The declaration which accompanied that communiqué referred to the lack of a common interpretation of the principles upon which peace and security in Europe must rest, to the need for further study of issues and procedures for possible negotiation, and also to the need for greater freedom of movement of people, ideas and information between the countries of East and West. I draw the attention of the noble Lord to those last words subscribed to by the Ministerial Council of NATO representing all our Western allies: the need for greater freedom of movement, of people, ideas and information between the countries of East and West. This is the background against which our policy is carried out; and I think it is right to say that we have been consistent about this policy over the years. There have been setbacks, and I have no hesitation in agreeing with the noble Lord that the invasion of Czechoslovakia in the summer of 1968 was perhaps the worst and most shocking of these. But we think that in the longer term our policy is correct, and that we should stick to it unless circumstances make it impossible to do so.

The noble Lord said a good deal about the present situation in Czechoslovakia. It is true that the official position of the Government has changed since 1968, but I do not think it would be right for me here to make judgments on that. It is for Governments to describe their own views and their own policies, and I do not believe that it would be prudent, either in our interest or in the interest of Czechoslovakia, to comment in any detail on the noble Lord's catalogue of criticisms of the current regime there. There are, of course, limits to the extent of agreement in any political dialogue with Communist countries. I would go as far along the noble Lord's road as that. But I still believe that it is wholly in our interests that we should respond to any desire for exchanges in the political field, and also any desire for ex-changes in the other fields, such as trade and technology, and cultural exchanges, where the prospects of practical benefit to both sides may seem to be more immediate. I believe we are right to concentrate, with our allies, on the future of relations between East and West, to work to secure any possible improvement in the future, without any illusions, and without losing sight of the principles on which we are divided.

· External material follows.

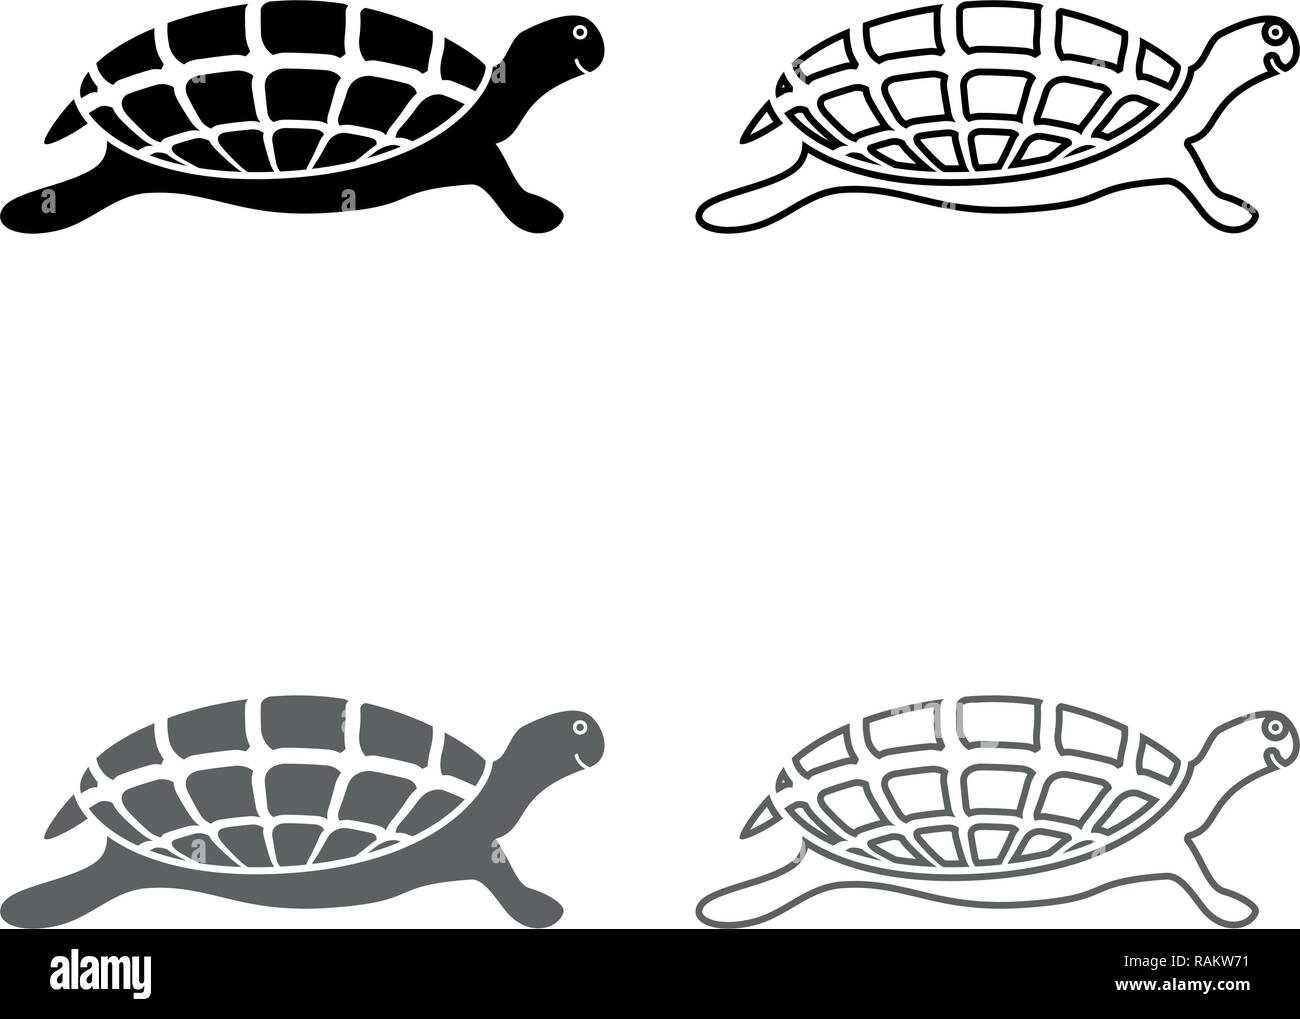 a5c36af5c Turtle tortoise icon set grey black color vector I outline flat style simple  image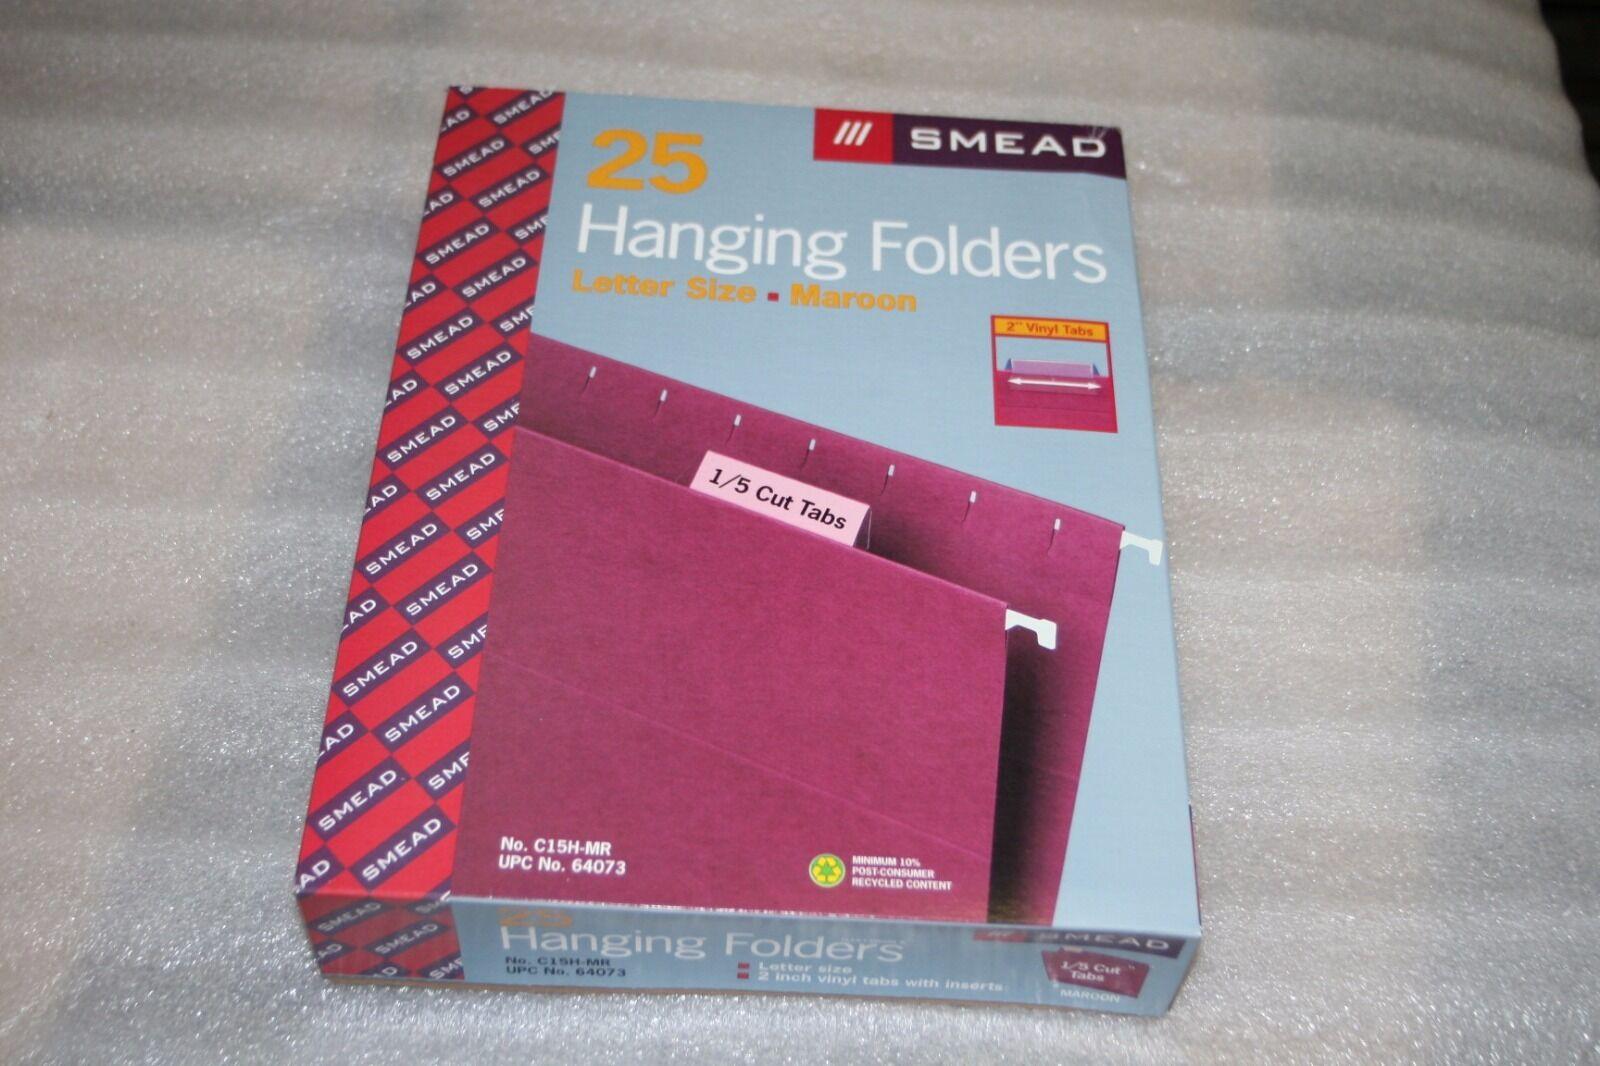 Smead hanging file folders 1 5 cut tab, letter size, Case of 250, Maroon

I think I am right in reflecting that in the course of this short debate there has not been great support for the noble Lord's condemnation of the current visit of the Red Army Choir, although, quite rightly, there has been full and whole-hearted support—indeed, I would go so far as to say unanimous support—for his sense of outrage at and condemnation of the 1968 invasion. But I believe that, in spite of the events of 1968, we should now go ahead with the policies that 1 have outlined, and that we should try to do so without too much public recrimination, as noble Lords behind me have said, because I think this neither advances our policies, nor will help to improve the situation about which all of us are deeply, and rightly, concerned.